«Tennis, Italian Style». Basterebbe l’omaggio che il celebre columnist statunitense Jon Wertheim fece sulle pagine di Sports Illustrated nel 2002, a misurare la grandezza e l’originalità di Gianni Clerici e Rino Tommasi nel raccontare il tennis in televisione. Una rivista sportiva internazionale (poi l’articolo venne più volte ripreso anche da altre testate) dedicava spazio a una coppia di telecronisti italiani e al loro curioso modo di commentare gli Us Open, uno stile, appunto, stretto tra precisione e colore, tra competenza e fantasia.

Dopo Clerici, scomparso nel giugno del 2022, anche l’altra anima di quell’iconico duo ci ha lasciati all’età di novant’anni, proprio mentre il movimento tennistico nazionale ha raggiunto il suo apice adagiandosi su vette mai toccate prima. Veronese, ma fortemente legato anche a San Benedetto del Tronto dove frequentò il liceo, Tommasi si è avvicinato allo sport da atleta, vincendo diversi titoli di campione italiano universitario di tennis e conquistando anche due medaglie di bronzo ai Giochi mondiali studenteschi negli anni Cinquanta.

L’altro amore: la boxe

L’attrazione per il giornalismo avvenne sin dagli anni dell’università, sia come redattore di Tuttosport e Gazzetta dello Sport, sia curando le pubblicazioni del mensile specialistico Tennis Club. Un’attività a cui Tommasi affiancò sempre anche l’impegno diretto nella pratica sportiva e nell’organizzazione degli eventi delle sue discipline predilette: il tennis e il pugilato, l’altro grande amore della sua lunga carriera.

Per tutti gli anni Sessanta animerà incontri e tornei della boxe fino a quello del novembre 1969 tra Nino Benvenuti e Luis Rodríguez, trasmesso dalla Rai e che gli farà dire che «la boxe è finita» perché ormai fagocitata, come altri sport, dalle logiche televisive.

Alla televisione, però, Tommasi passerà presto, dapprima nel 1981 come direttore dei servizi sportivi della neonata Canale 5 (primo giornalista a ricoprire questo ruolo in casa Fininvest) e poi, dieci anni più tardi, a Telepiù, il canale satellitare che portò in Italia la pay-tv, con la trasformazione del contenuto sportivo in prodotto pregiato e fruibile solamente dietro abbonamento.

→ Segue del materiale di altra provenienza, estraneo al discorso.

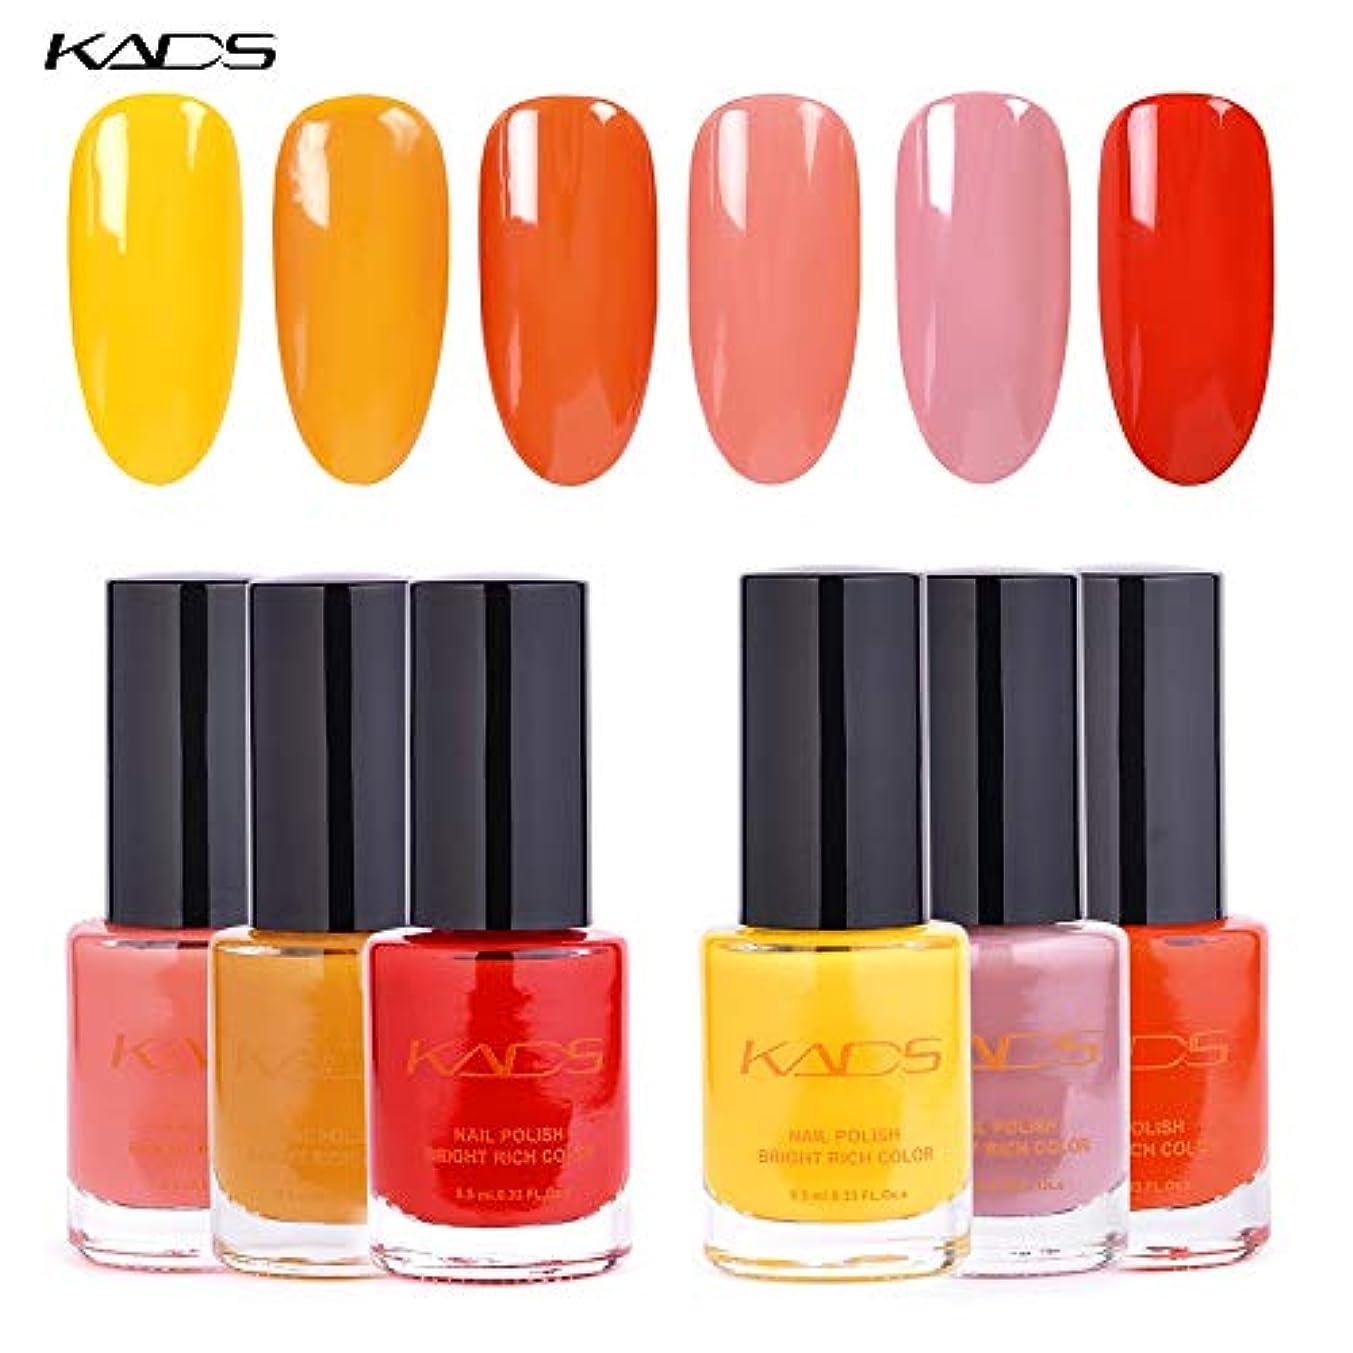 栄養前奏曲上向きKADS ネイルポリッシュ ゼリーシリーズ ピンク/オレンジ/イエロー 6色入り 9.5ML 艶長持ち マニキュアセット

Al pugilato non rinunciò mai veramente, ideando ai tempi di Canale 5 la rubrica “La grande boxe”, rotocalco settimanale che contribuì ad alimentare la curiosità verso la storia e la tecnica di uno sport di nobile ed eccellente tradizione nazionale e depurandolo da un’idea distorta di violenza e marginalizzazione; rese popolari anche in Italia gli sport a stelle e strisce come il football americano.

La coppia con Clerici

Ma fu soprattutto con il tennis che raggiunse i più elevati livelli professionali, in quelle telecronache in coppia con Gianni Clerici avviate sulle frequenze di Tele Capodistria, il canale ponte tra Italia e Jugoslavia, uno dei più interessanti esperimenti di programmazione a trazione sportiva quando ancora non esisteva il concetto di tv tematica né quello di telecronaca a più voci.

Tommasi era il dato, la statistica, il compendio maniacale; Clerici l’estro, l’elzeviro, la suggestione capace di prendere traiettorie sghembe (Rino coniò per il compagno di strada il fulminante soprannome di “Dottor Divago”).

Nella sua carriera giornalistica, Tommasi ha incarnato quell’equilibrio essenziale di rigore e ironia, di garbo e puntualità, inventando locuzioni divenute celebri come il “circoletto rosso” per esprimere un punto di rara bellezza nel tennis, che rivelava ancora una volta quel suo gusto per l’annotazione, per il non lasciare mai nulla di sospeso.

Se, per usare le parole di David Foster Wallace, il tennis «è un’esperienza religiosa», Tommasi ne è stato un profeta razionale e geometrico, tradizionalista e conservatore anche nella visione del mondo, custode di un dogma che solo l’amico e collega Clerici riusciva (a fatica) a scalfire e ammorbidire.